Dogs and Modernism.

Dwr

I just finished reading Natalia’s book, Chasing the Perfect and I started thinking about how dogs fit into the modernist dogma. Her dog, Janie, is an underlying, constant presence in this book, and it got me pondering. When you think of the modernist aesthetic, dogs are really the antithesis of it. They’re messy, smelly, and could easily poke holes in a leather Barcelona chair. They’re also very unpredictable and would never, EVER fit neatly into any sort of a grid, let alone a Swiss one.

How funny it was, then, to get the recent Design (Not) Within Reach catalog, where one of William Wegman’s Weimaraners is featured on the cover. So maybe dogs – of a highly-cultivated, specific aesthetic – do fit the modernist regime?
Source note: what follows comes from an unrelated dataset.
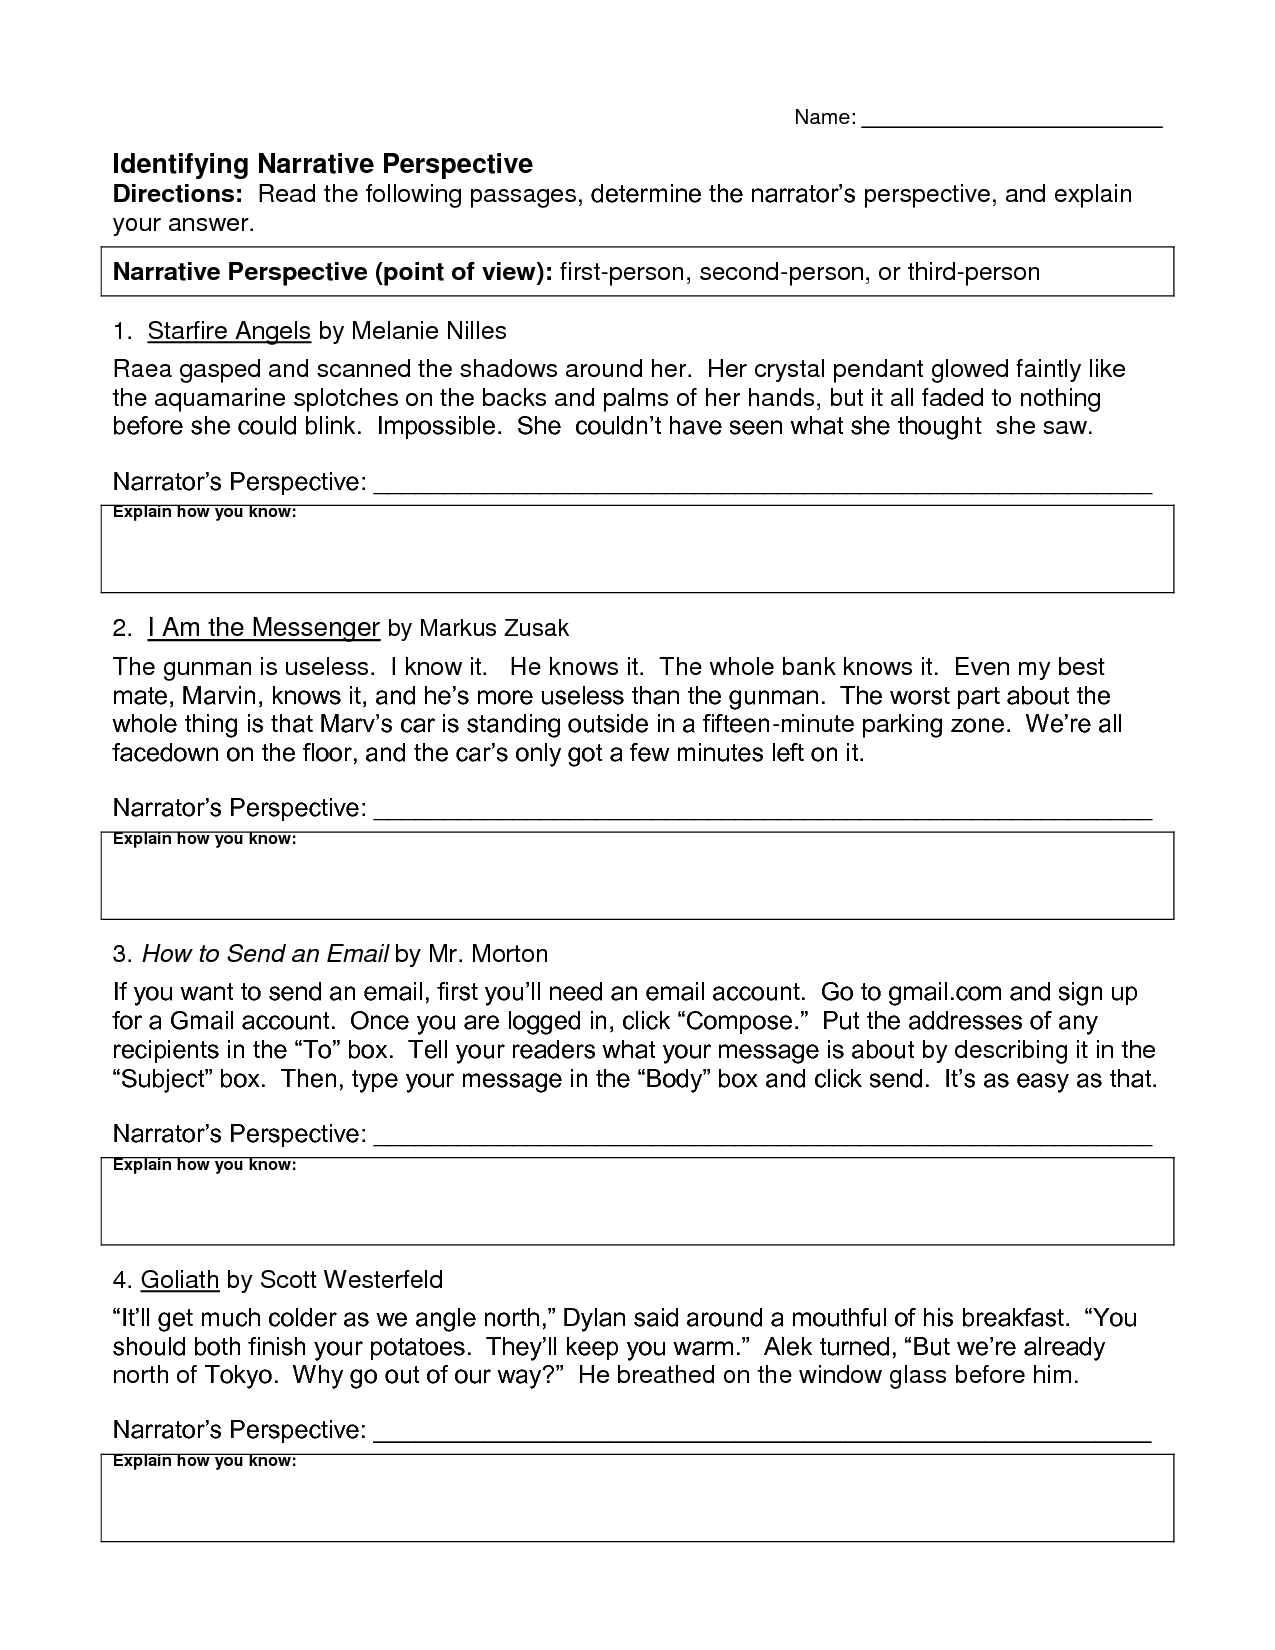 11 Best Images of Worksheets First Second Third Third Person Point Regarding Point Of View Worksheet 11

I’ve been looking for dogs in architecture and design magazines (ID, Dwell, Design Within Reach, for example) and so far, the only breed I’ve noticed in named magazines is the Weimaraner. Is it because they’re short-haired, clean, muscular and sleek, and uniquely colored? I could see the Viszla being another dog that might fit this assumed Modernist criteria, but if Wegman were a photographic connoisseur of, say….Golden Retrievers…or…big, hairy Bernese Mountain Dogs…or smelly, oily Chesapeake Bay Retrievers, would D(N)WR have one of those dogs on the cover or risk long dog hair and accompanying dog slobber all over their model living rooms? Hmmmm, makes me wonder. It would be interesting to do a demographic study on designers and their dogs, just to see if there’s any correlation. And designers who don’t like dogs in the first place, no matter what the breed? Well, I already have my theories about that.